After the pogroms of 1881-82, the historic watershed after which
enlightenment ideals were considered untenable, he divided his time among three
projects: articles espousing the ideals of Hibbat Tzion (the
proto-Zionist “Love of Zion” movement) and commenting upon the contemporary
situation of Jews; translations from significant works about the Jewish Middle
Ages; and his multivolume collection of stories on focal episodes in Jewish
history, Zikhronot levet David (1893-), based on stories in German by
Hermann Reckendorff. Friedberg’s
versions of these exciting stories educated several generations of Hebrew
readers about Jewish history; in a sense, he was one of the foremost creators
of the modern Jewish historical consciousness, specifically dealing with the
Middle Ages.[14]
Read today as a literary artifact,
Friedberg’s “HaMa’akhelet” is fairly dismal: its biblicized style is stilted;
its plotting and dialogue are predictably melodramatic; and its ideological
tendencies are patently and simplistically those of the pre-Herzlean Hibbat
Tzion movement. But as a historical
document it is fascinating. This 80-page
story, half straightforward history of the Jewish Middle Ages, purports to be a
“te‘udah,” a document or even an ethical will, written in 1130 by one
Abraham ben Elyakim, for his son Shelomo to inform him of the tribulations of
the Jews which, he asserts, exceeded by far the persecutions in the time of
Antiochus and Hadrian. The family
descended from the Chazar nobility which settled in Cordova, but, after the
Berber invasions, moved to Christian Spain, then to the Rhineland. The plot of the story actually begins after
12 pages of historical background which seems to interest Friedberg more than
the story itself.
In 1096, at a pastoral Pesah Seder
scene in the home of the rabbi of Worms, we learn of the slaughter of the Jews
of Metz from a seven year old girl who had escaped from there. The Jews of Worms are next attacked by the
Crusaders and the rabbi encourages all his congregation to commit suicide
rather than agree to conversion. As the
rabbi is about to slaughter his five year old son, he (the rabbi) faints. The son tries to commit suicide by jumping
out the window, but he was caught by a wealthy Christian who converts him and
brings him up as his son.
Note that Friedberg actually subverts
the martyrological theme here since he uses two conventional melodramatic
devices—the opportune faint and the surprising safe landing of the jump from a
window or precipice—to avoid the violent, irreversible slaughter of the son by
the father or the father’s own suicide which one expects in a martyrological
document. These acts, intended to
prevent the forced conversion to Christianity, were the passion of the Jewish
Crusades chronicles. To subvert them as
did Friedberg and later, Tchernichowski was truly daring.

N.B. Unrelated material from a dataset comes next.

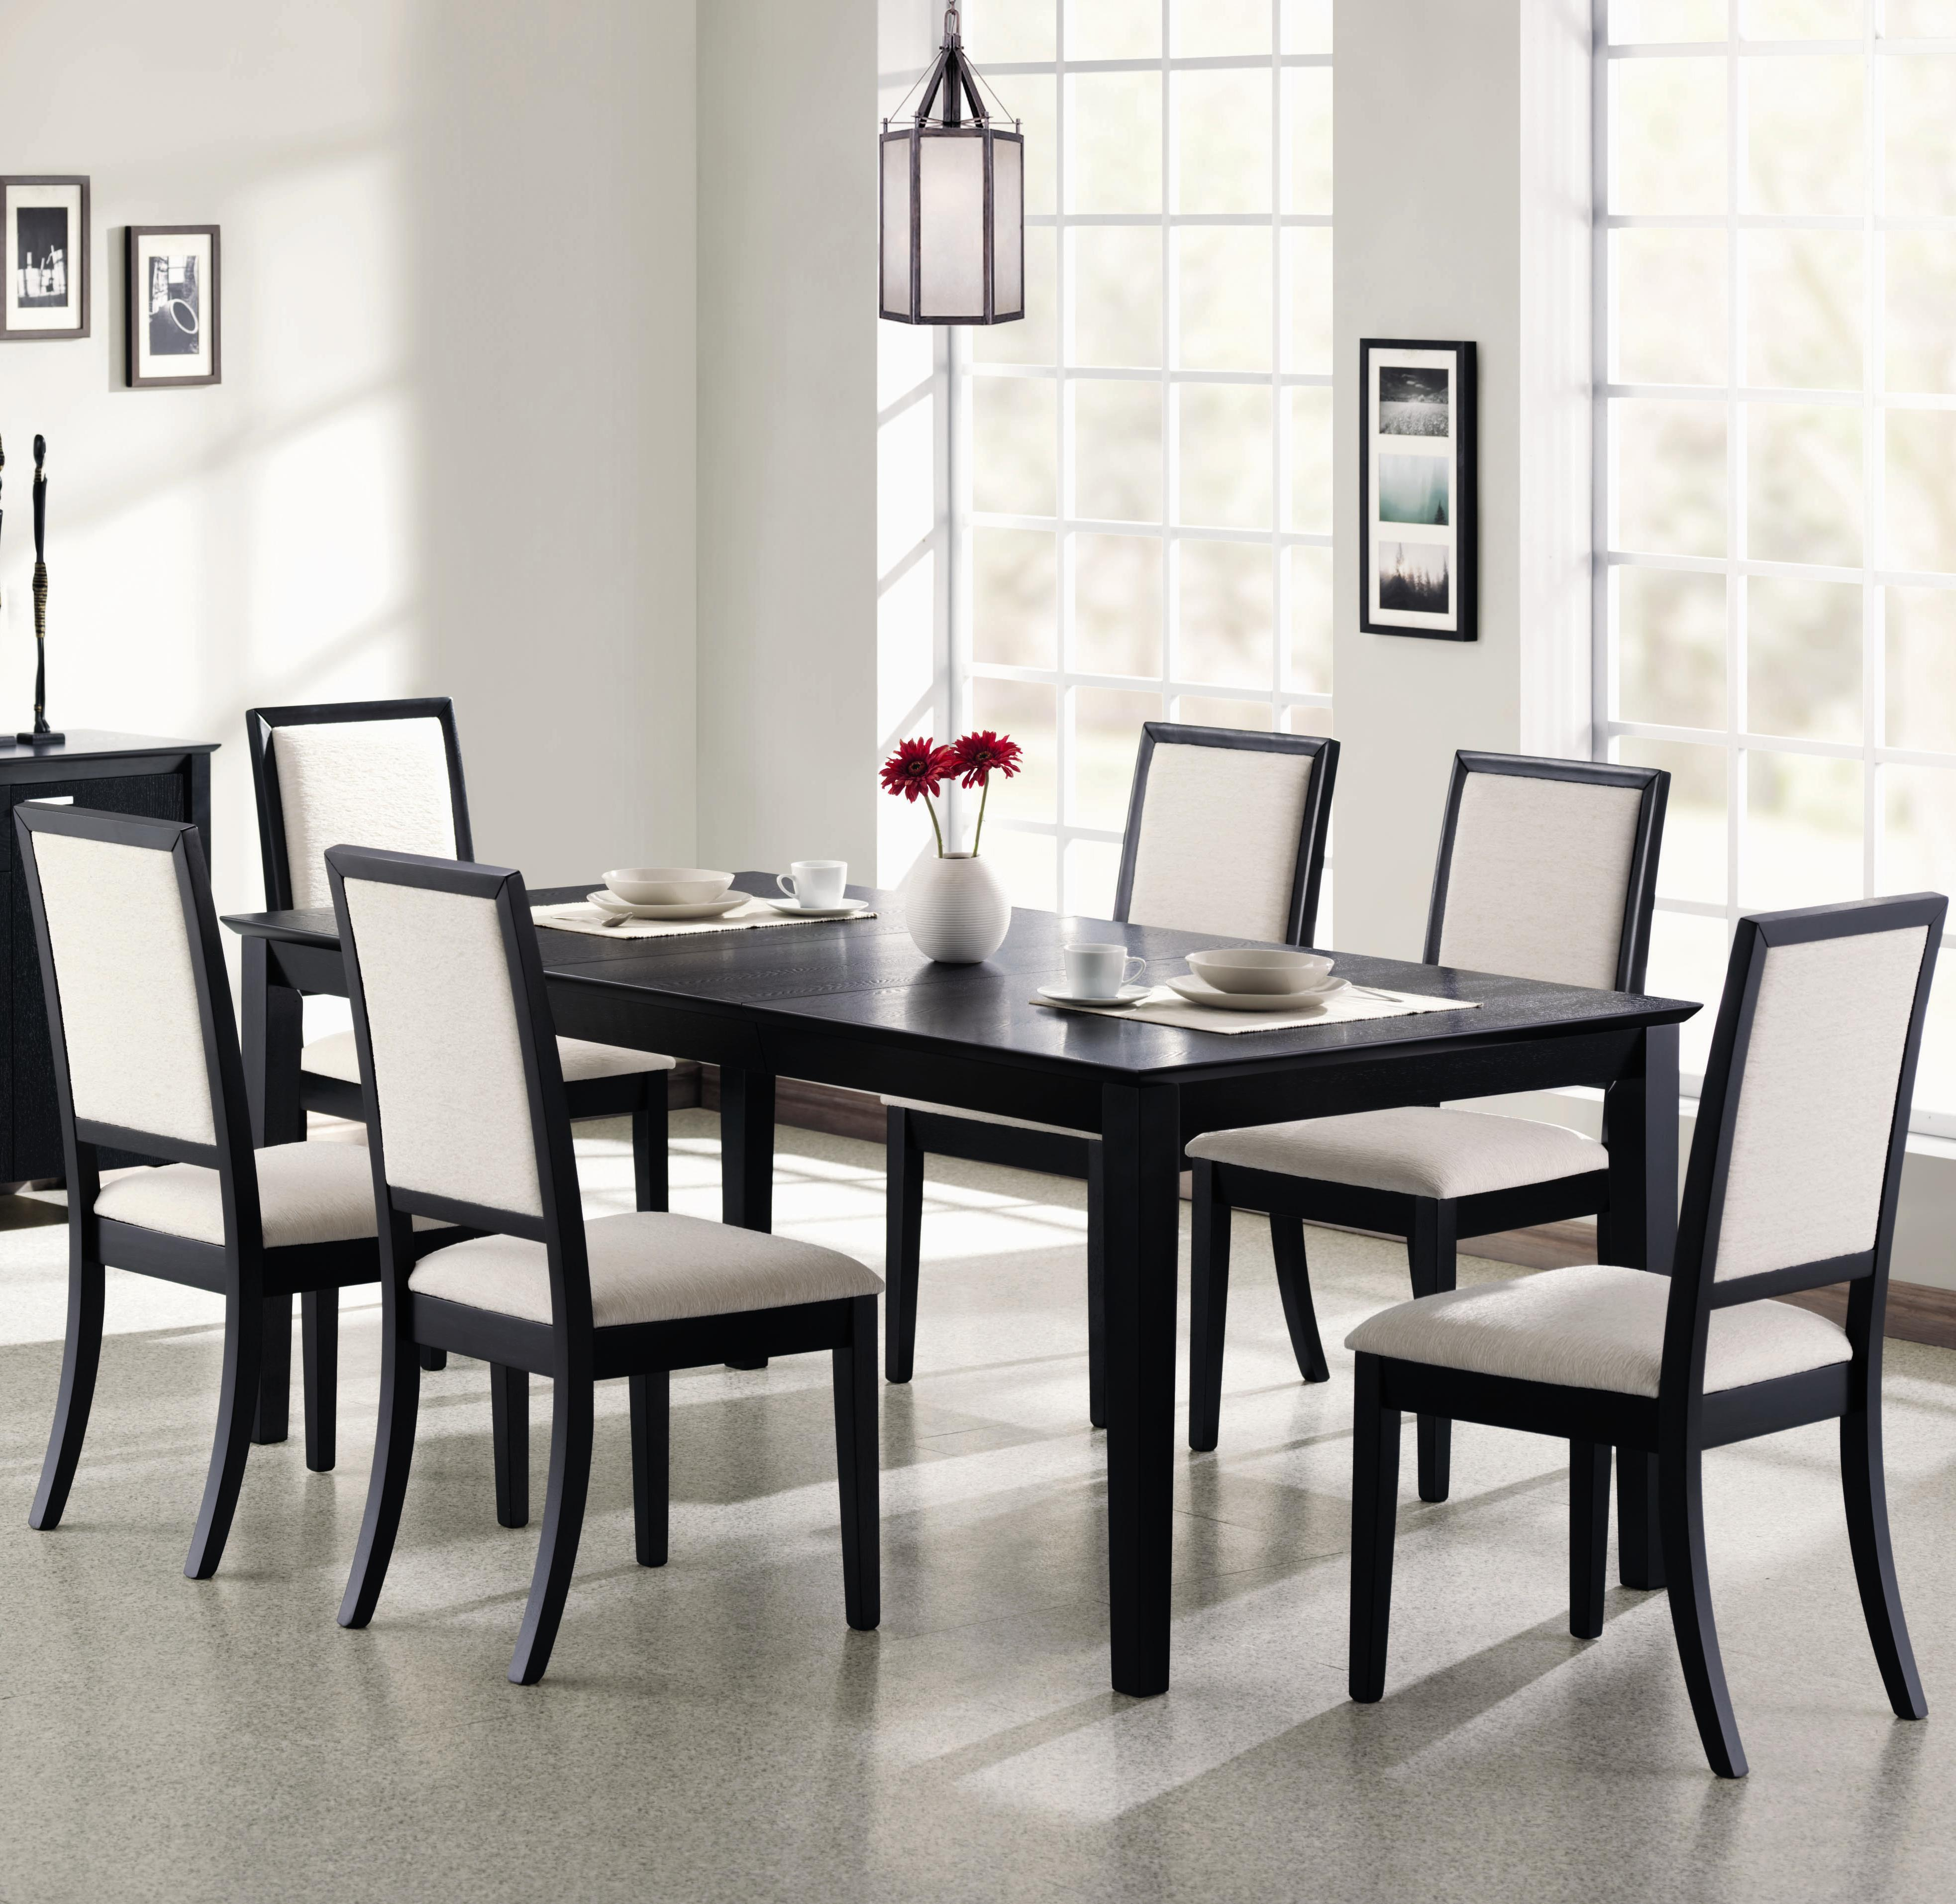 Coaster Lexton 7 Piece Dining Set - Item Number: 101561+6x2

Twenty years pass during which we
learn—in a lengthy historical digression—that Jerusalem had been conquered and
the Muslims had amassed formidable armies to drive the Crusaders out.[15] In a mighty battle somewhere to the northeast
of Jerusalem, the carnage is horrendous.
At this point the second plot is introduced: a rabbi Elyakim of the
neighboring city of Helbon, walks with his daughter, Sarah, through the field after
the battle and finds a young Christian knight still alive, though severely
wounded. They take him home, tend to his
wounds, and discover that he was once a Jew.

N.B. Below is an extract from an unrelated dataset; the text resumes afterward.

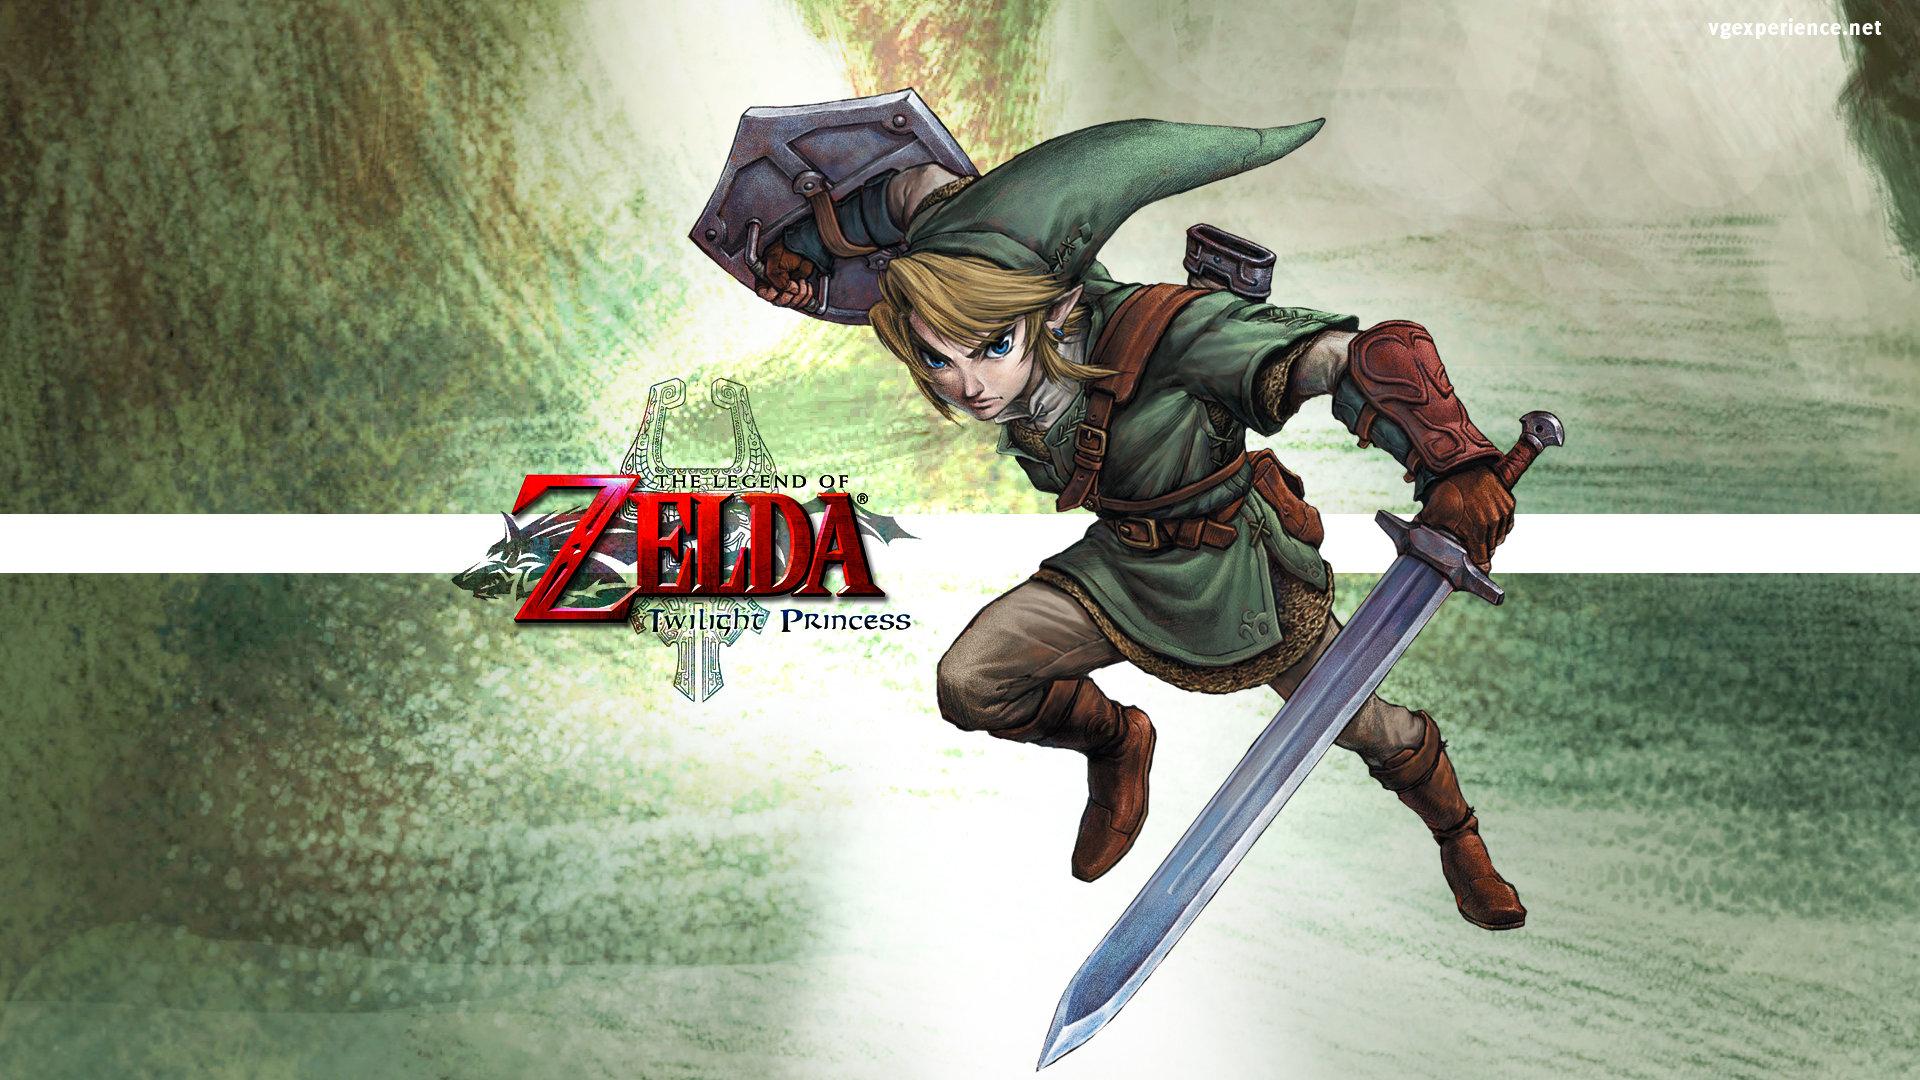 Free The Legend Of Zelda Twilight Princess High Quality

After a series of pastoral family scenes—a Shabbat meal where they sing
a zemira of 20 stanzas written in typical Hibbat Tzion style and
read a poem of Shlomo Ibn Gabirol—we discover that Rabbi Elyakim was the former
rabbi of Worms who had escaped and fled to the Muslim Middle East and the young
Christian knight was—no surprise—his son who had jumped out the window in Worms
in the first plot.
The son is restored to Judaism and
given a new name, Avraham, since his old name had been given to the rabbi’s son
from his second wife. It is this newly
discovered son who writes the document that comprises the story called “HaMa’akhelet.” The author of this document, now called
Avraham ben Elyakim (shortened as “Abrabanel”) ends the document with
instructions to preserve and cherish this te‘udah and the ma’akhelet
which he retrieved in some unexplained way from the bishop of Worms.
“HaMa’akhelet” frequently
republished and anthologized, embodies a fictive world of recognizable didactic
situations and attitudes: the matrix, the melodramatic plots with the
“surprising” discoveries is characteristic of popular Hebrew fiction of the
1890’s; the matrical plots are embedded in a meaningful and authenticated
historical setting; the Hibbat Tzion ideology emphasizing Zion and the
perennial hatred of Christians for Jews is concretized in the Crusade milieu, its
perfect ideological fit; the knight who turns out to be a Jew is an adumbration
of the machismo of the new Jew soon to be extolled by Berdiczewski and
Tchernichowski; traditional Jewish life is portrayed in sentimental genre
scenes such as the Passover Seder, the Shabbat meal, the learned father
discussing Torah lessons with his sons —all demonstrably sentimental and
pastoral as are the idylls of Tchernichowski dealing with Jewish home
life. One senses in them as in the
pastoral, a nostalgic yearning, perhaps unconscious, for a form of life rapidly
disappearing. Above all, one cannot
neglect the daring subversion of martyrology.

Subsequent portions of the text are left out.